## Activity
Set down the data again exactly. Pictures are not part of the copy.

## Raw data
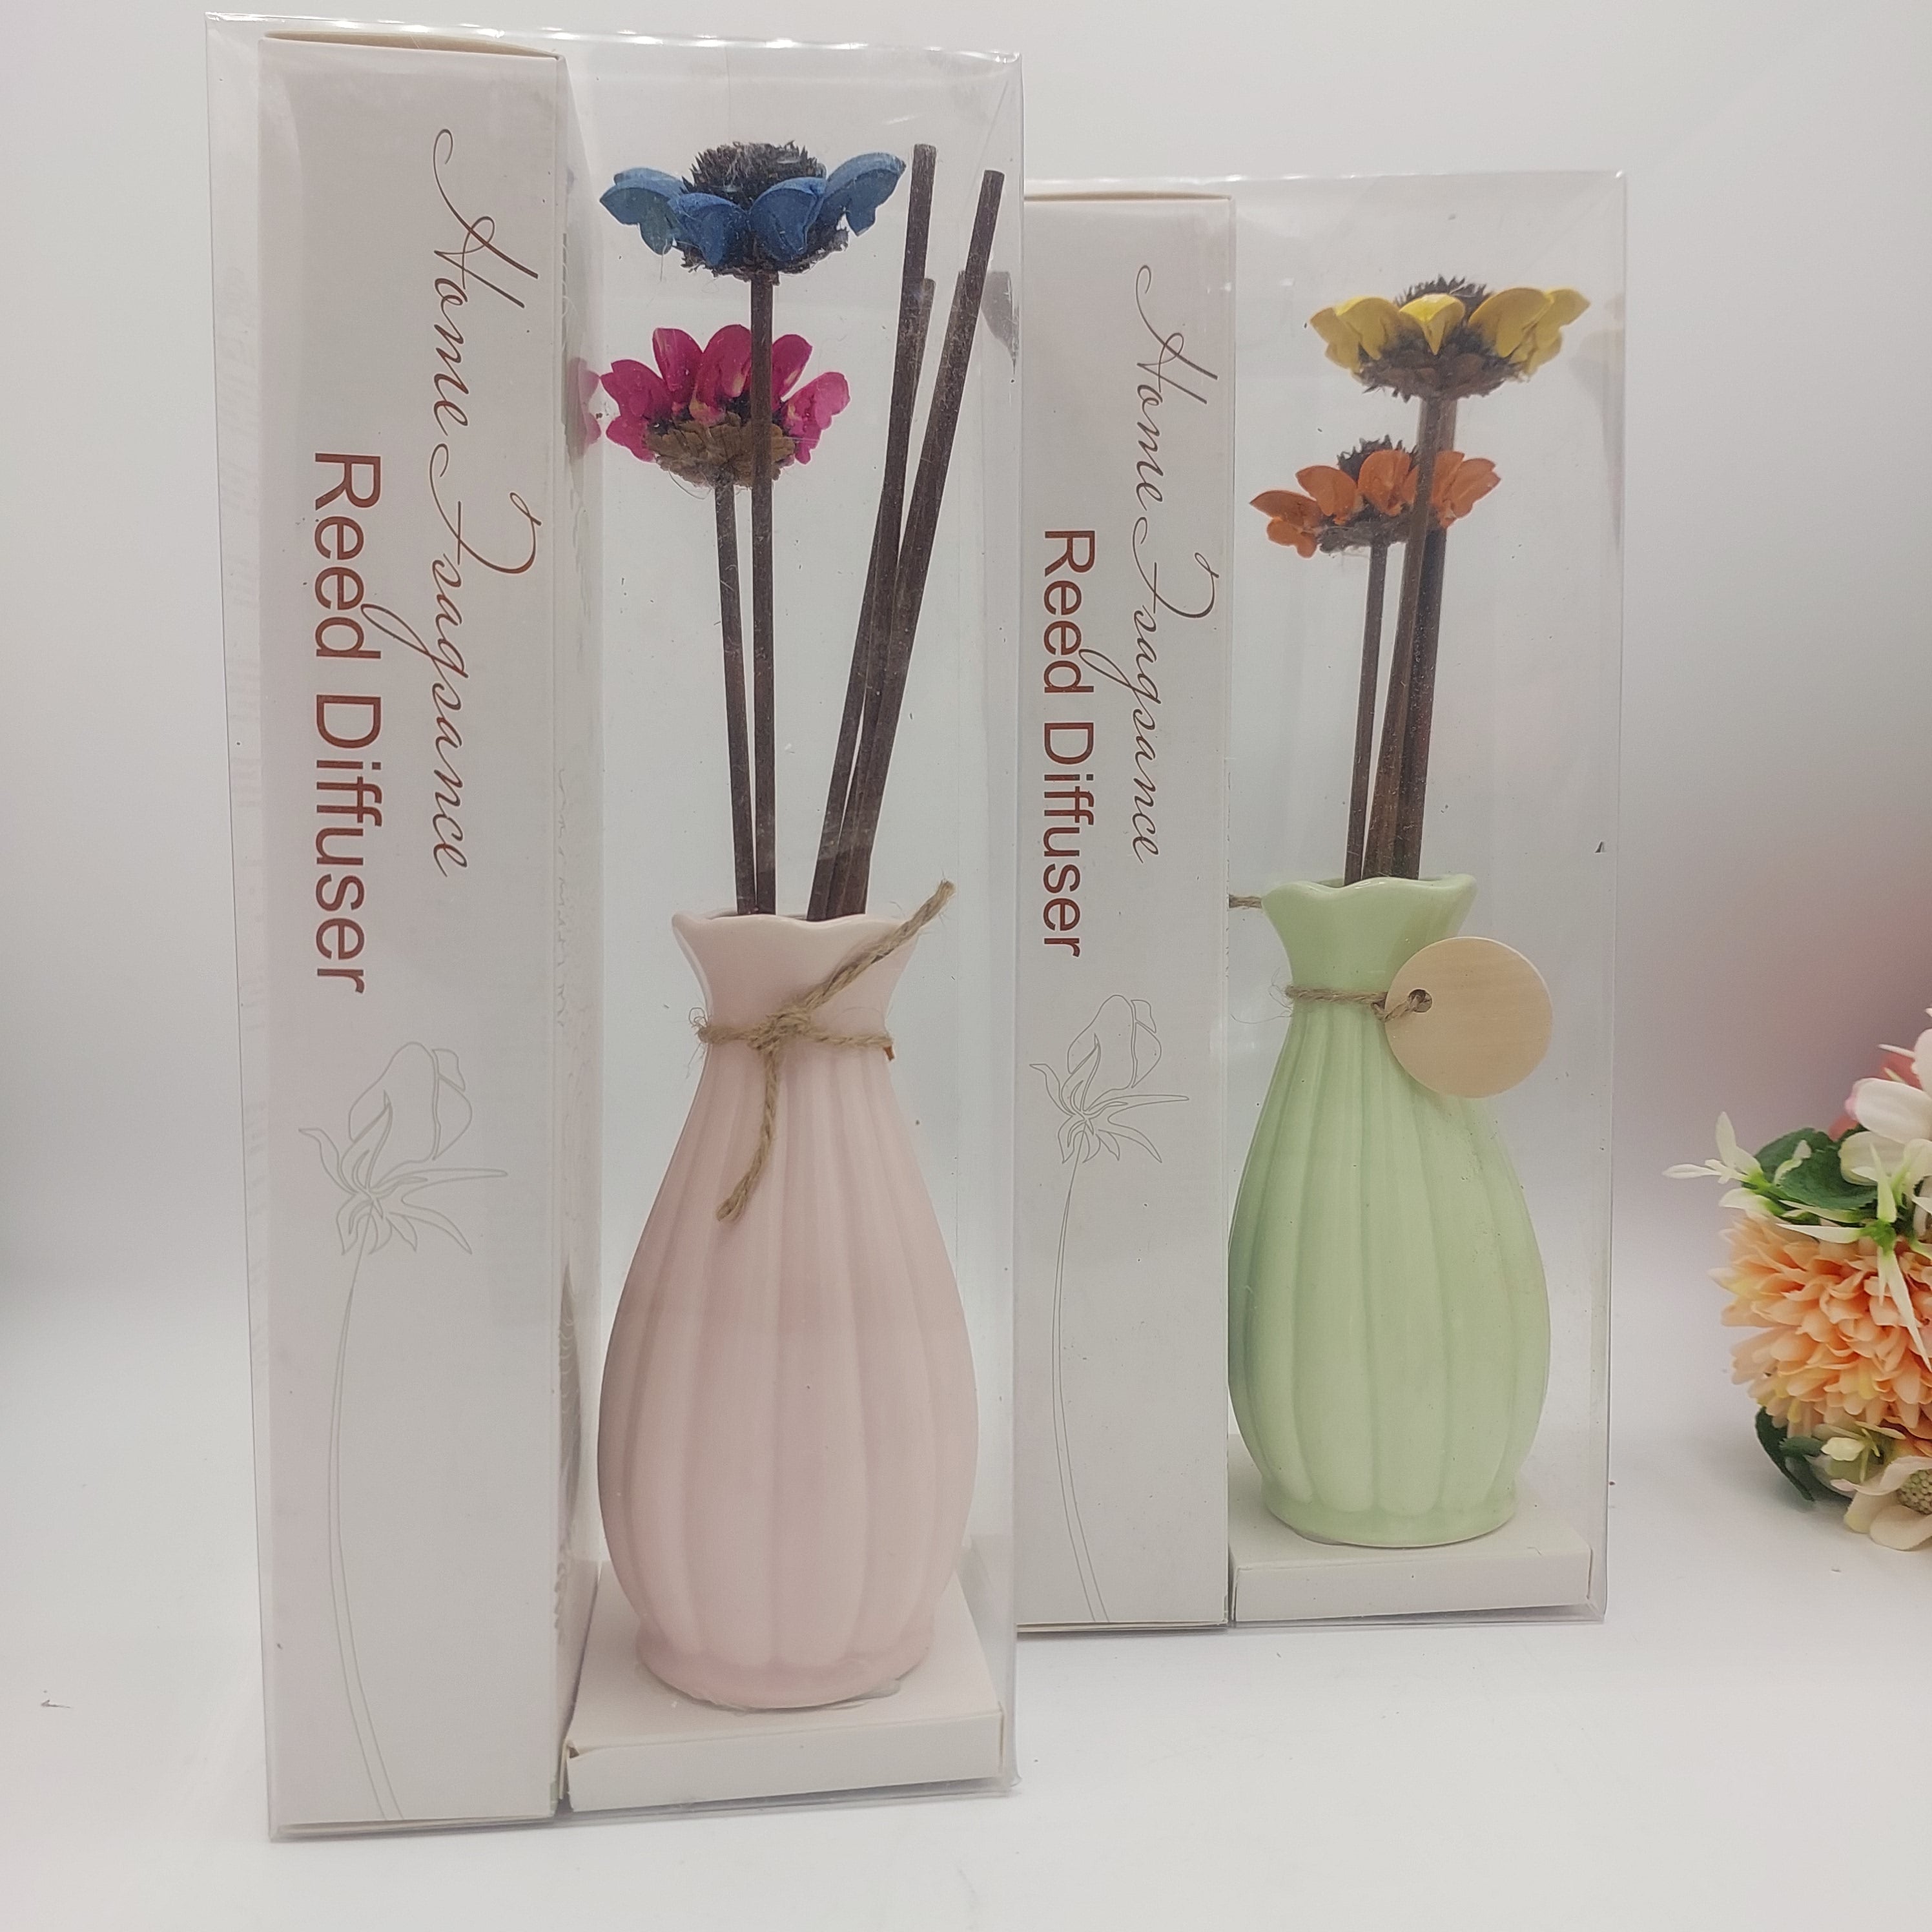 Fresh Fir Diffuser Fragrance & Reeds — Skeem Design
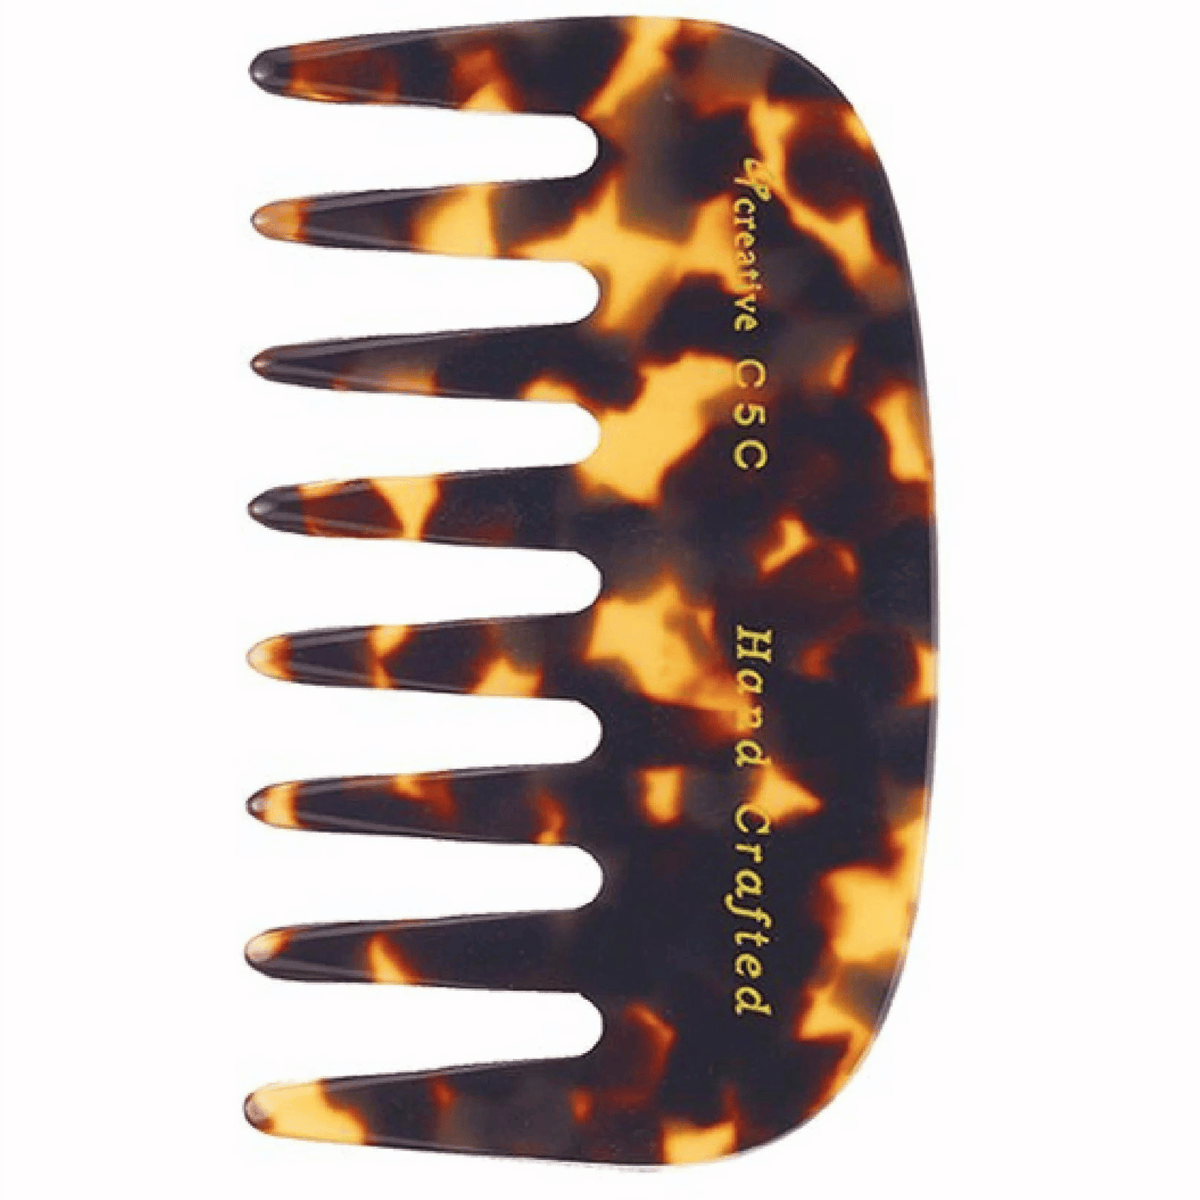 Primary Image of C5C LG Tortoise Hair Pick Pocket Comb
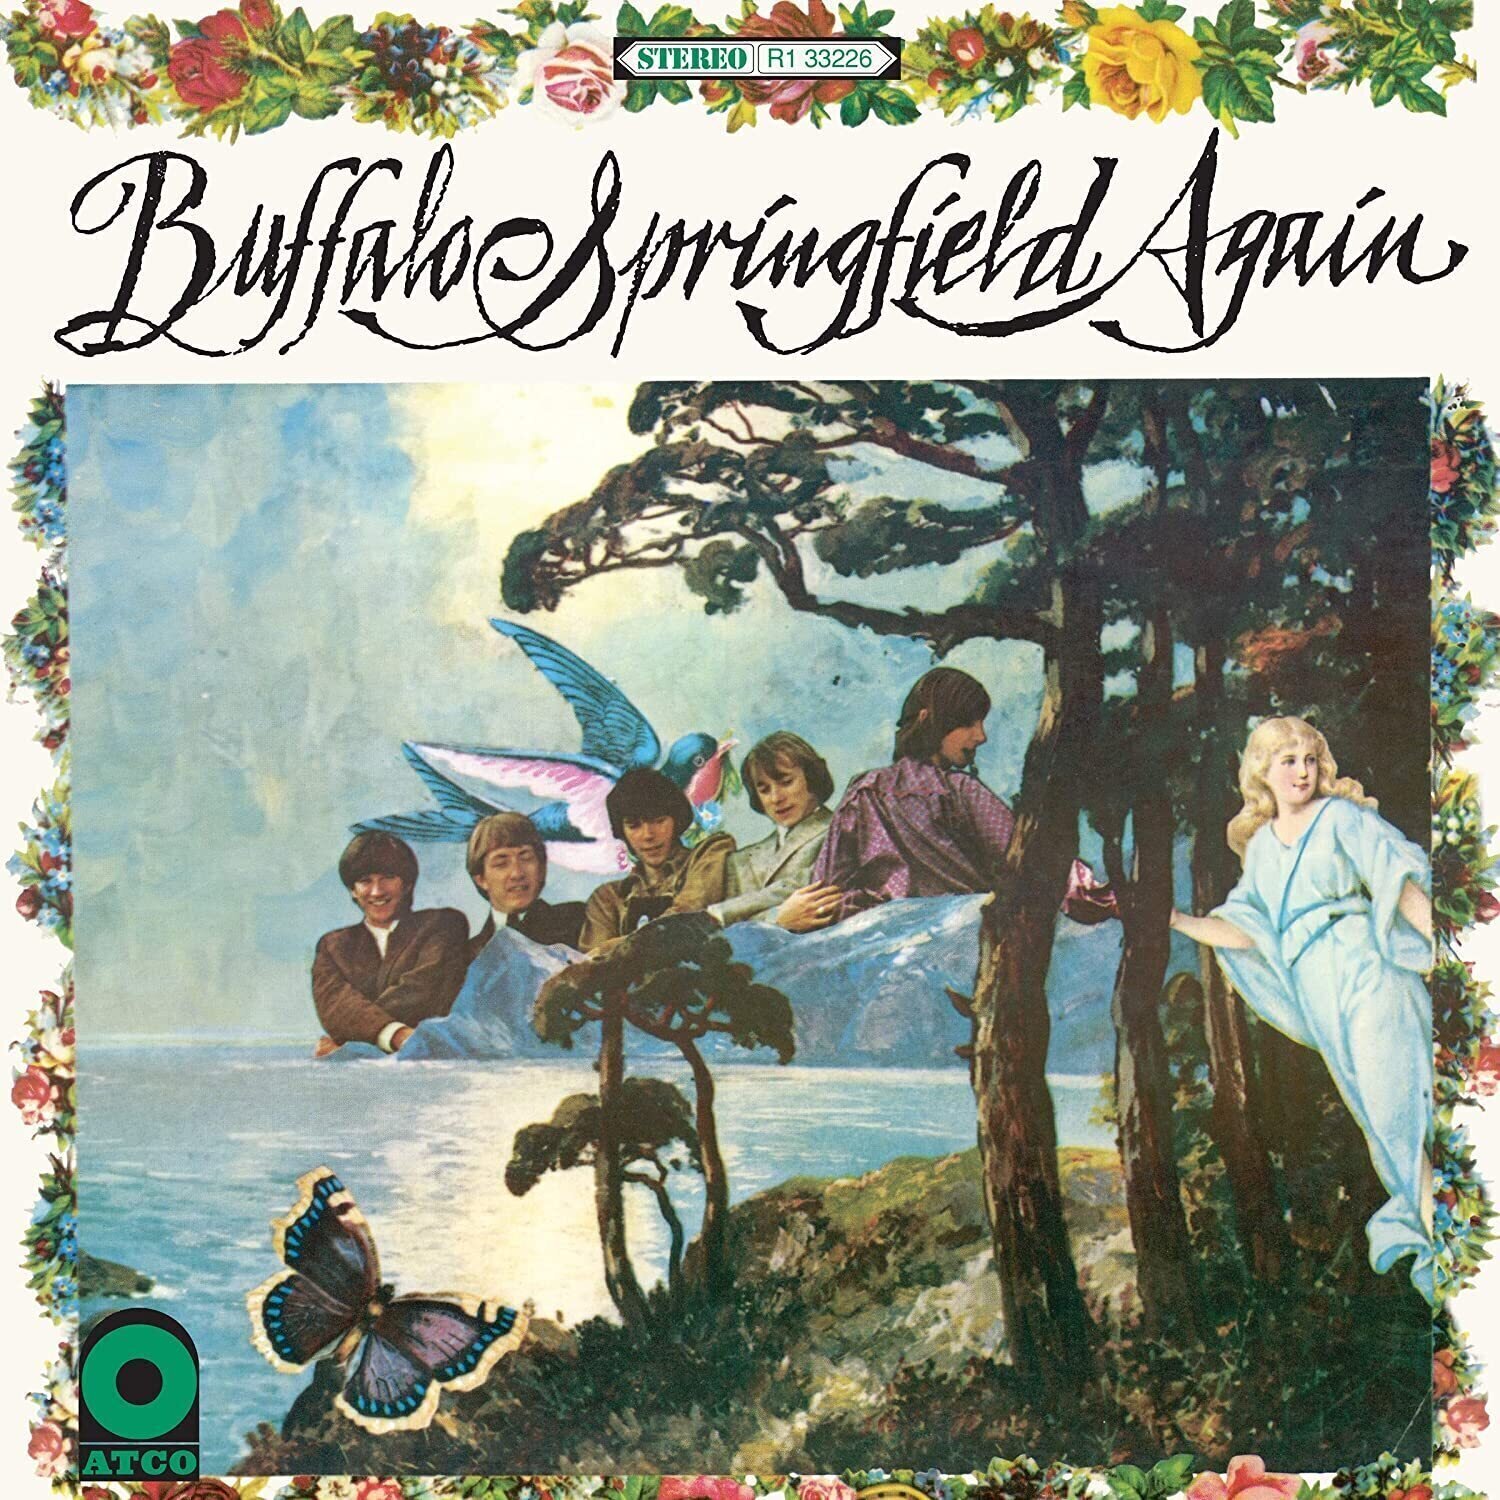 Hanglemez Buffalo Springfield - Buffalo Springfield Again (LP)

## Written solution
 Fresh Fir Diffuser Fragrance & Reeds — Skeem Design
 Primary Image of C5C LG Tortoise Hair Pick Pocket Comb
 Hanglemez Buffalo Springfield - Buffalo Springfield Again (LP)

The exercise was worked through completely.